IDEF1およびIDEF2は、イネ科植物の鉄欠乏に応答する転写制御カスケードにおいて、現在知られている中では最上流に位置しているため、これらと相互作用する分子を探索することによりシグナルの源流を明らかにしようとし、酵母 Two-hybrid 法を用いて、IDEF1相互作用するタンパク質の遺伝子をスクリーニングした。その結果、5種類の遺伝子が同定された。そのうちIBP1 は、Bowman-Birkタイプのトリプシンインヒビターであること、IBP1 が、IDEF1と相互作用することによって、プロテアソームによるIDEF1の分解を防いでいることを明らかにしている。
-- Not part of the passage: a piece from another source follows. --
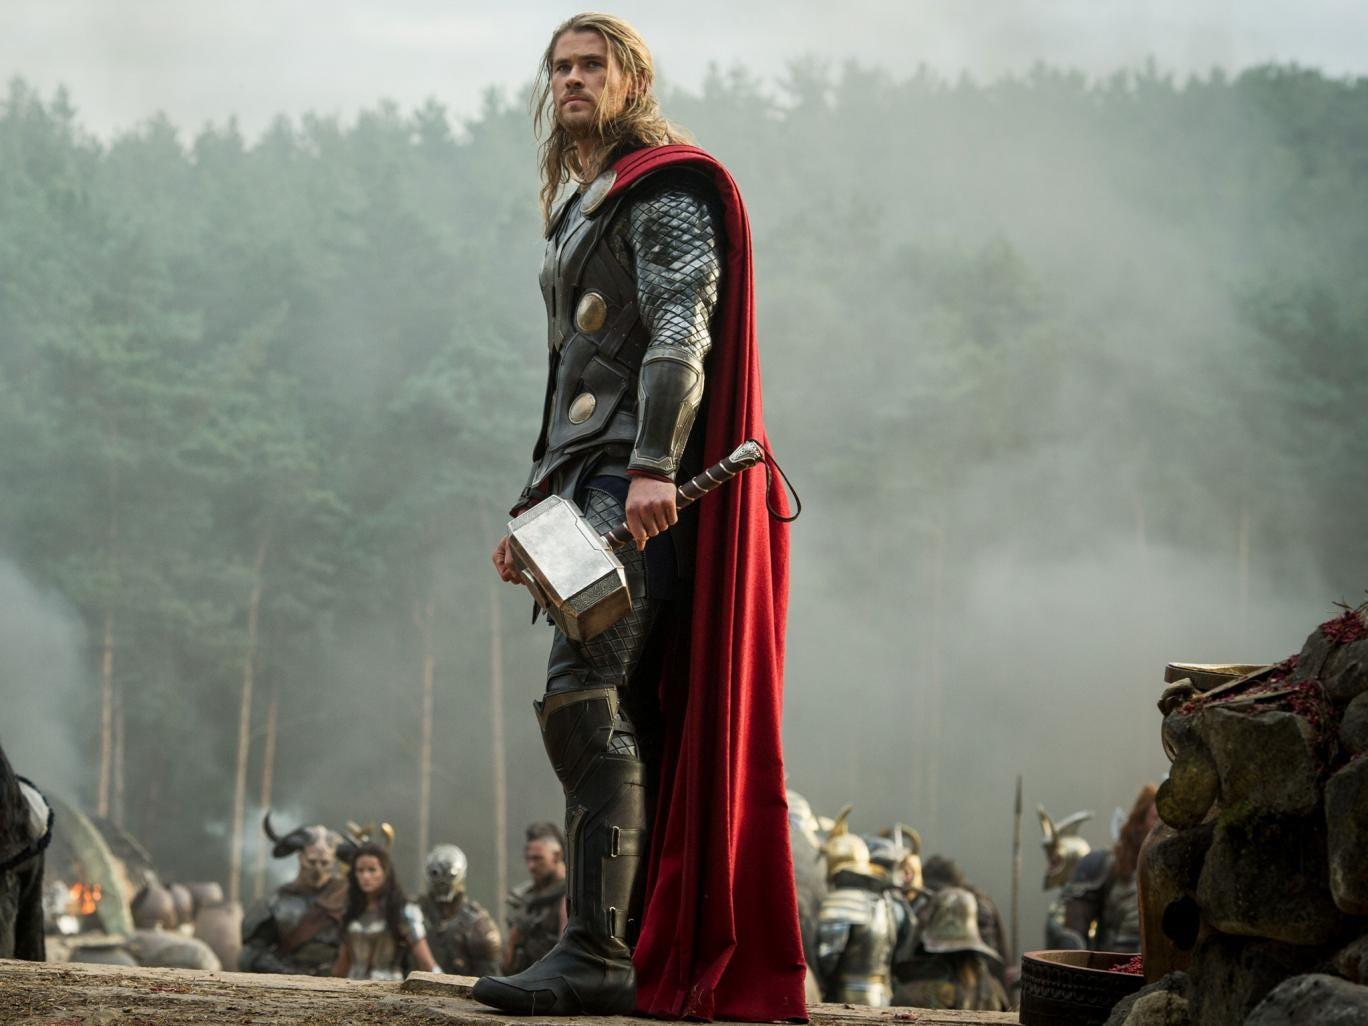 Chris Hemsworth stars in Thor: The Dark World

残りの遺伝子について、データベース情報を基にその機能を推定するとともに、我々の研究室で蓄積されているマイクロアレイデータを基に発現の鉄欠乏誘導性、組織特異性などを調査することにより生理的な機能を推定する。鉄の感知に関わる可能性が高いと推定されたタンパク質の遺伝子については、過剰発現イネ、およびRNAi法による発現抑制イネを作製する。これらについて、鉄欠乏条件における耐性や遺伝子発現プロファイル、金属含有量の測定などの解析を行う。さらに、単離に成功した新規のタンパク質を詳細に解析し、鉄栄養応答遺伝子発現制御に関わる新たな鉄感知機構の解明につなげる。